(Almost) Two Years of Invidious

It’s been almost two years of Invidious, 21 months to be specific, but I’m too lazy to wait until April to write this post. What a ride it’s been: so much has changed in my life, my computer skills only have increased, but after all this time, inv.riverside.rocks has stayed online.

Beginnings

I first became interested in Invidious in late 2020. I’d just begun my privacy journey, and discovered the kavin.rocks instance of invidious. While I didn’t have a lot of money for servers, I scraped together some Visa gift cards, and purchased a DigitalOcean droplet in New York. I ran this droplet for 5 months, from April 2021 to September 2021. The first capture of the Invidious instance list that features by website is from May 2021, and at this time, my website had a whopping 39 users. (today, only half of the top ten instances from that time are still online) I kept the small instance up and running against the odds (my droplet only had two gigabytes of RAM, leaving little wiggle room, along with a fixed amount of bandwidth).

Leaving DigitalOcean

The time had came to say goodbye to DigitalOcean. The bandwidth limits and expensive prices were not feasible anymore, and a host I had just discovered from a friend, OVH, had unmetered bandwidth and better prices. I made the full switch by November 2021, and at this time, the site had reached 500 accounts.

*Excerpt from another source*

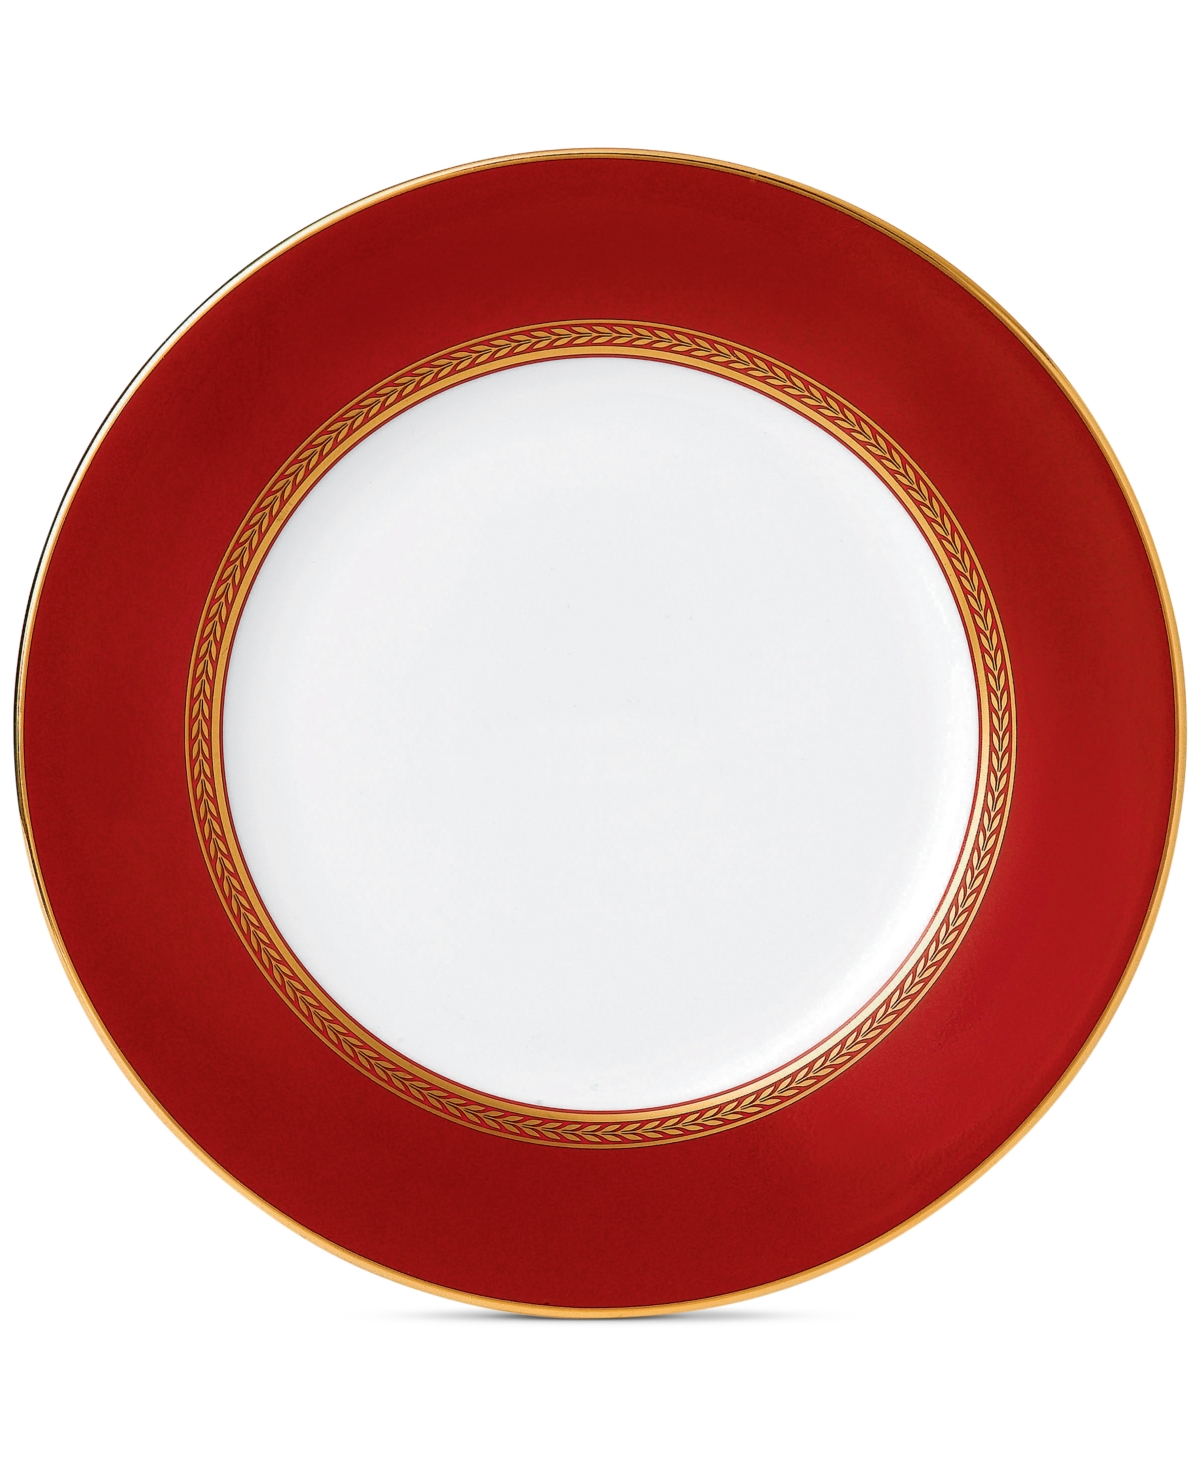 Wedgwood Renaissance Red Salad Plate In No Color

A DMCA Nearly Killed it All…

Just weeks after the full switch to OVH, I received a DMCA letter from a Spanish copyright firm requesting that a series of videos be removed from the server. OVH asked for a speedy response from me, otherwise my server would be terminated. I responded to the copyright firm stating that my site was only a YouTube proxy, and therefore content needed to be removed on YouTube for it to be removed on my site. The copyright agency never wrote back, and OVH seemed satisfied, so the strike was lifted and the website remained online.

The Storage Crisis

Through the rest of 2021 and for the first part of 2022, the site ran well without many problems. However, in the summer of 2022, trouble began. My 160GBs of storage kept filling up, and over and over I would have to sign into the server and clean the Invidious database. If I failed to clean it out, all services would stop running, including Invidious. The Invidious team caught on to this, and a series of patches were released to clean the database periodically and shut off storage wasting notifications.

Bring On The Traffic!

As time went on, more and more users joined the site, which led to site to rank higher on the API’s page, which in turn drew more users to sign up! Today, the site uses 3-5TBs of bandwidth every day, and has used more than a petabyte over the last year. My OVH server is currently only using about half of it’s capacity, meaning that the instance can stay online for the foreseeable future.

I want to thank the Invidious development team for keeping the project alive after Omar left. Additionally, I want to thank the helpful community on the Matrix server who are always online to discuss privacy issues or Invidious configuration. Invidious has been a huge part of my privacy journey, and I can attest it has been a part of many others too.